Her face grew hotter as shame nudged embarrassment out of the way. “Yes, Father.”
“You’re a beautiful girl, Aafia. The handsome boys will kiss you, too.”
She rolled her eyes.
He didn’t really just say that, did he?
He went on, “You have to trust me when I tell you that these issues with your friends—the gossip and the giggling and all the rest—will seem so unimportant ten years from now. Crises come and go. But the only thing that lasts forever is education. It is the only important thing, and everything good that happens in your life will flow from your education. Do you understand this?”
Finally, the lecture had arrived. And finally, they were in sight of the school. “I understand, Father. I’ll try harder.”
They’d arrived with the buses, it turned out. The U-shaped driveway in front of the school was packed with hundreds of students streaming from dozens of buses. That meant her father would be stranded here even longer.
“I’m so sorry, Father.”
He made a gentle waving motion with his hand. “You go on inside,” he said. “Have a nice day, and try to think of all the gifts that God has given you. Now, give this old man a kiss.”
This was the father she’d known before—the one who laughed and teased. He seemed to be trying not to be so angry, and his effort pleased her. She unclasped her seat belt, leaned across the center console and planted a kiss on his cheek.
“I love you, Father,” she said, and the words felt strange. It wasn’t that she didn’t love him; it was just that they rarely talked of such things in their house.

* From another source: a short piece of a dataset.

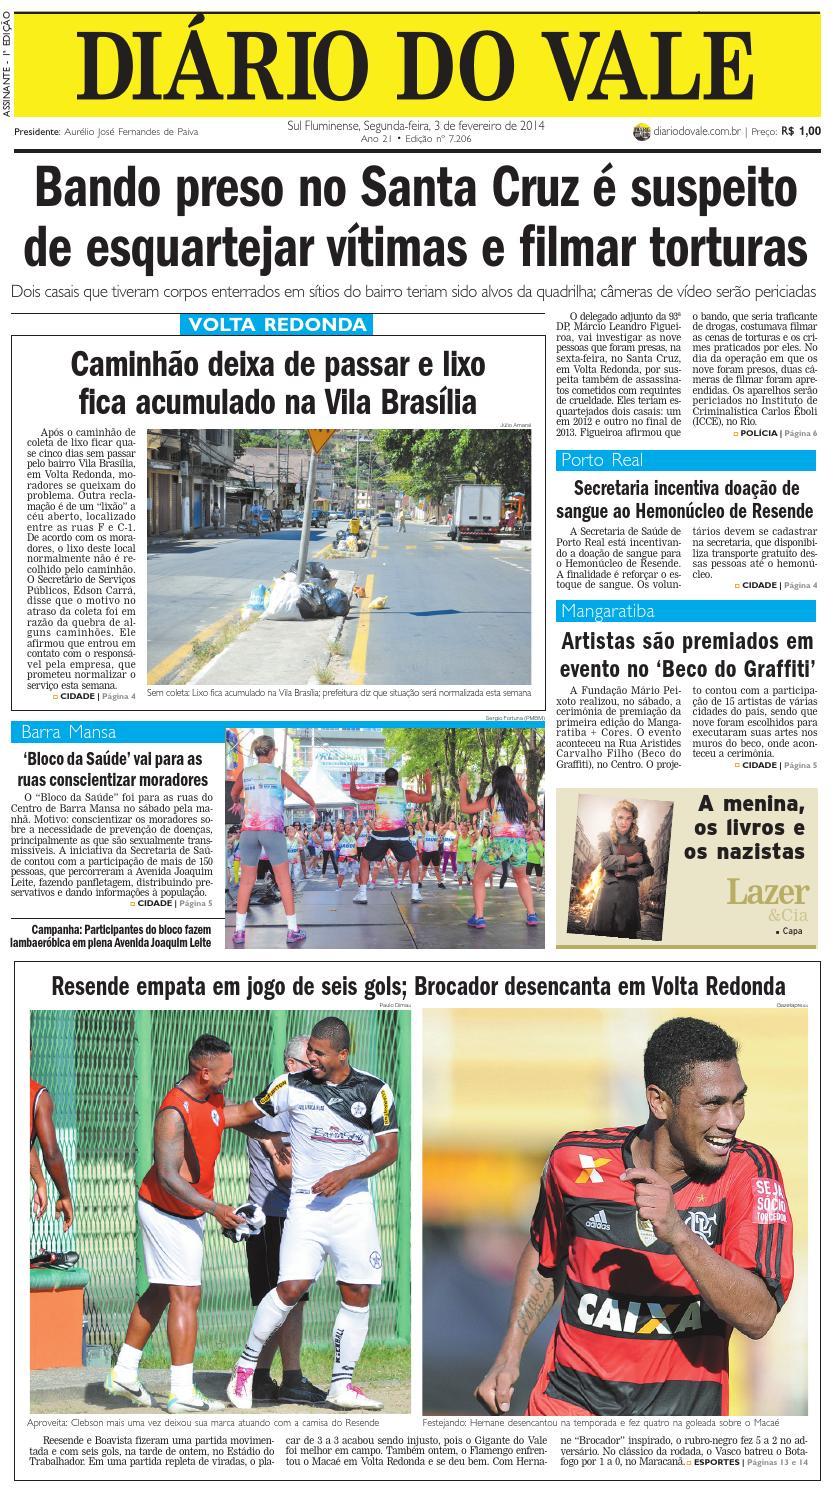 7206 diario segunda 03 02 2014 by Diário do Vale - issuu 7f3eb7b0c2c9c
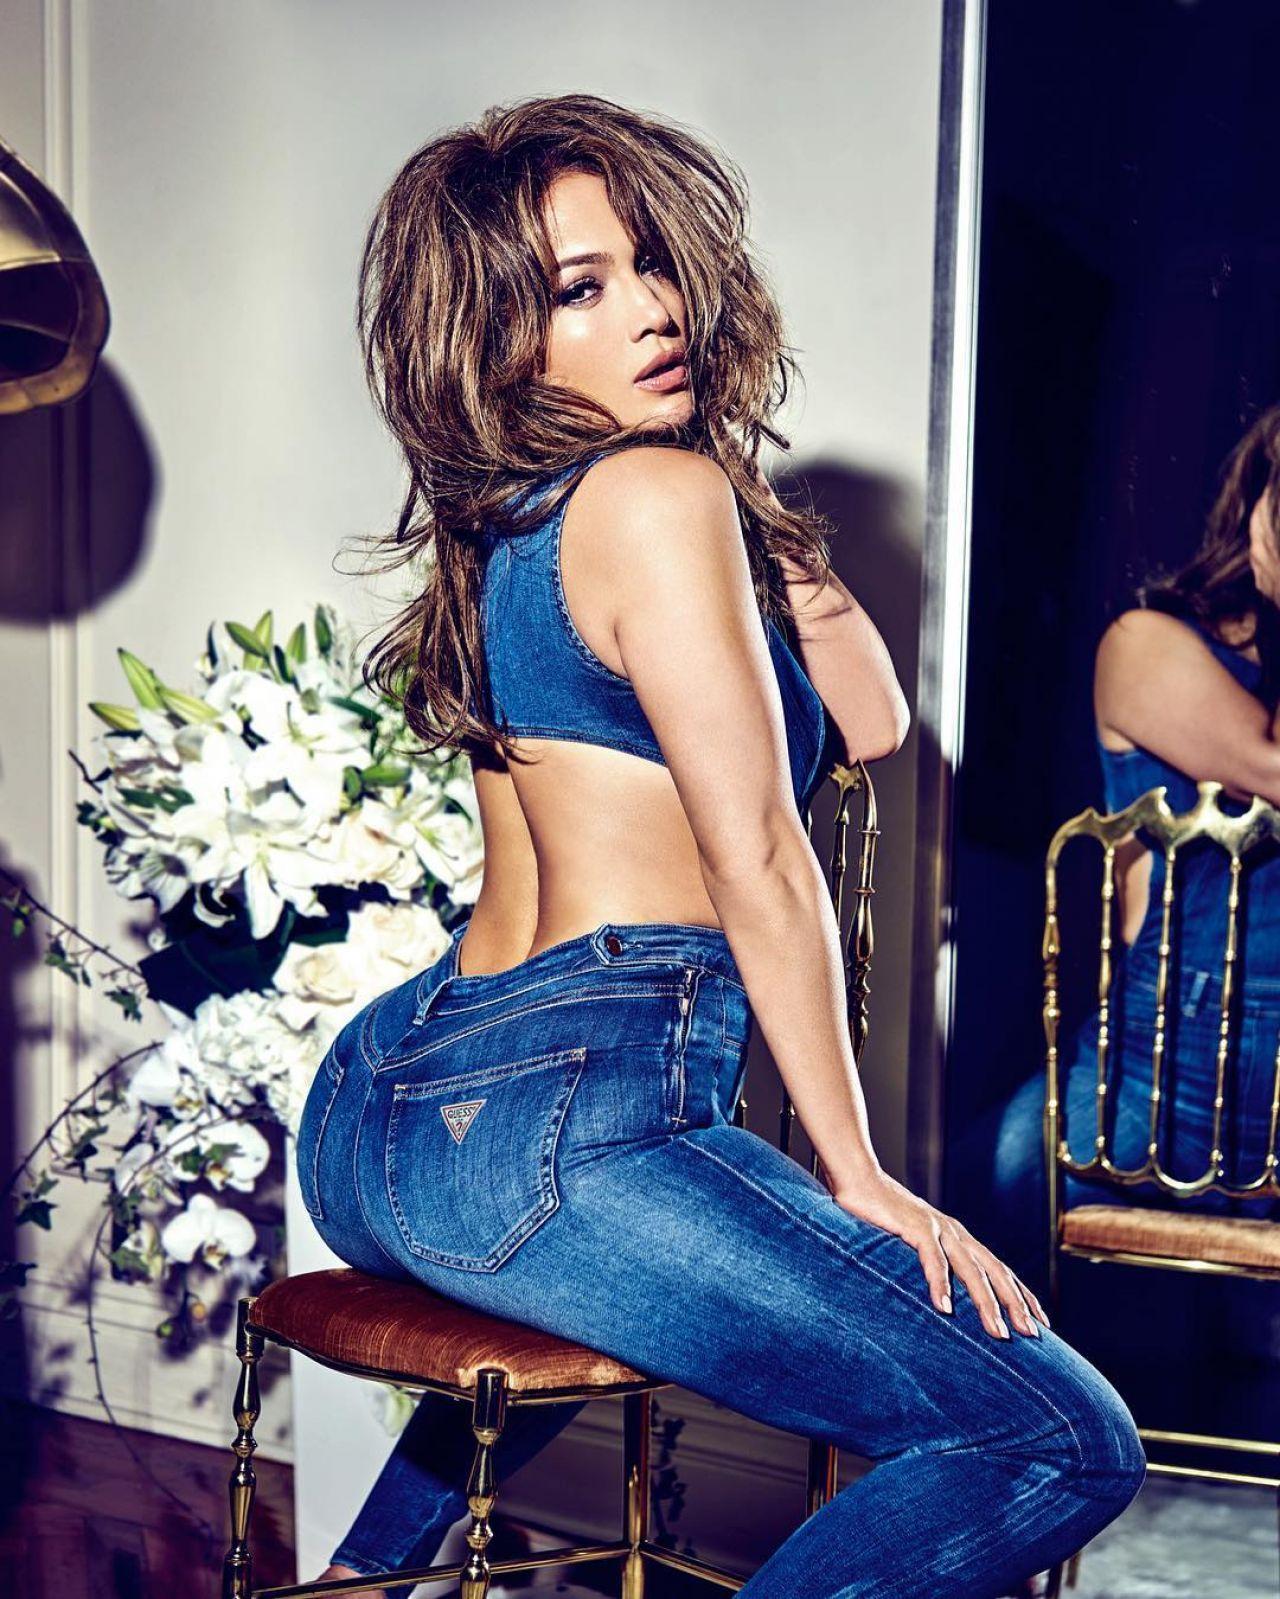 Jennifer Lopez Guess Jeans 01 15 2018

The bitter Michigan air assaulted her cheeks and hands as she hurriedly shrugged into her coat and closed the door behind her. As she joined the stream of classmates making the way to the front door, she cast a look back over her shoulder to see her father inching the minivan through the sea of children as he disappeared between the two ranks of yellow buses.
She was just turning back to face the school when the explosion split the air.